Хульдра смутилась еще больше, опасливо поглядывая на Эйтлинн:

— Если ты принимаешь мое приветствие, то можешь сказать… ну… «нет моей власти над тобой сегодня», если нет…

Эйтлинн быстро повторила подсказанную фразу, не дожидаясь второй части. Надеюсь, я не пожалею об этом. Магмэллиан она больше не боялась, но знала, что ухо с ними лучше держать востро. Хвостатая тут же протянула ей затянутую густым бледно-зеленым кружевом и ароматно пахнущую свежей сдобой корзинку:

— Здесь сыр, сливки, пирог с малиной и черничная наливка.

Звучало, конечно, чертовски заманчиво. Особенно после пяти с чем-то месяцев на одной водичке — как хороша бы та ни была. И все же настораживало: с чего вдруг такая услужливость?

— И что я буду тебе за это должна? — медленно проговорила Эйтлинн.

Глаза хульдры округлились искренним недоумением:

— За еду? Как можно быть должным что-либо за еду? Это же просто еда!

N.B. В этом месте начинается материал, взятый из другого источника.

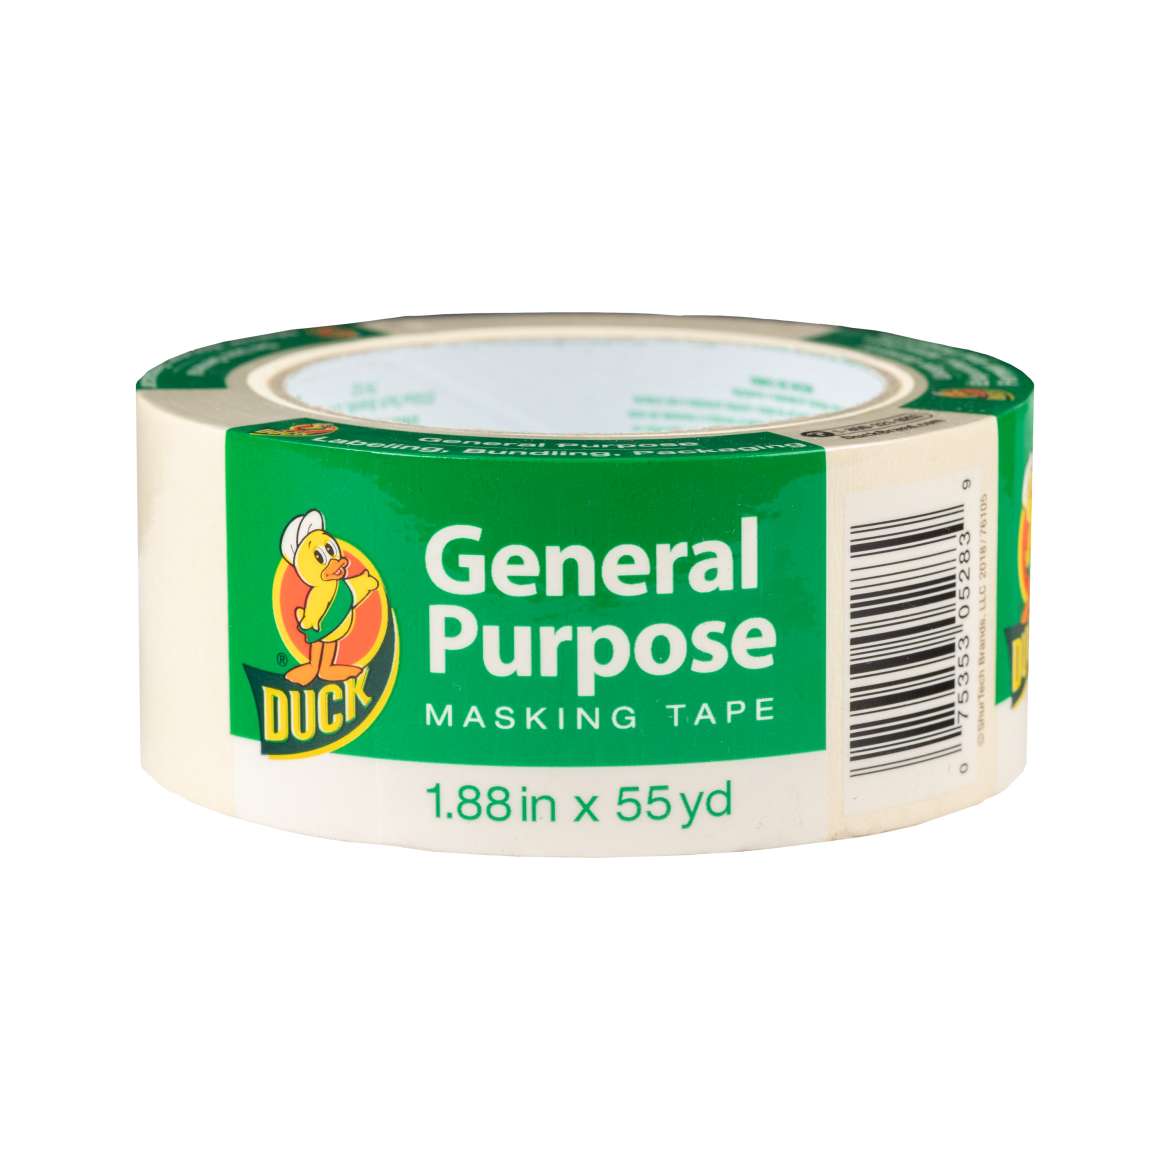 General Purpose Masking Tape Image

Ой ли? Эйтлинн все еще превосходно помнила, как ее «от всей души» угощали форелью и рыбным супом. И что за этим последовало — тоже. Хвостатая потерянно переводила просительный взгляд с корзинки на Эйтлинн и снова обратно. Она боится меня. Любопытно, почему? Потому, что я — мать ее короля или потому, что я — фомор? Как мне следует поступить? За время, проведенное в библиотеке Стеклянной Башни, Эйтлинн немало расширила свои познания в истории, географии, языках и даже поэзии Маг Мэлла, но о здешнем этикете она все еще не знала почти ничего. Ей нестерпимо захотелось, чтобы Киэнн был здесь и мог, как всегда, подсказать.

Наконец Эйтлинн решилась:

— Разделишь с нами трапезу?

Хульдра испуганно кивнула. Кажется, она была не столько рада милостивому предложению, сколько боялась отказать. Но Эйтлинн была твердо намерена настоять на своем. Если понадобится.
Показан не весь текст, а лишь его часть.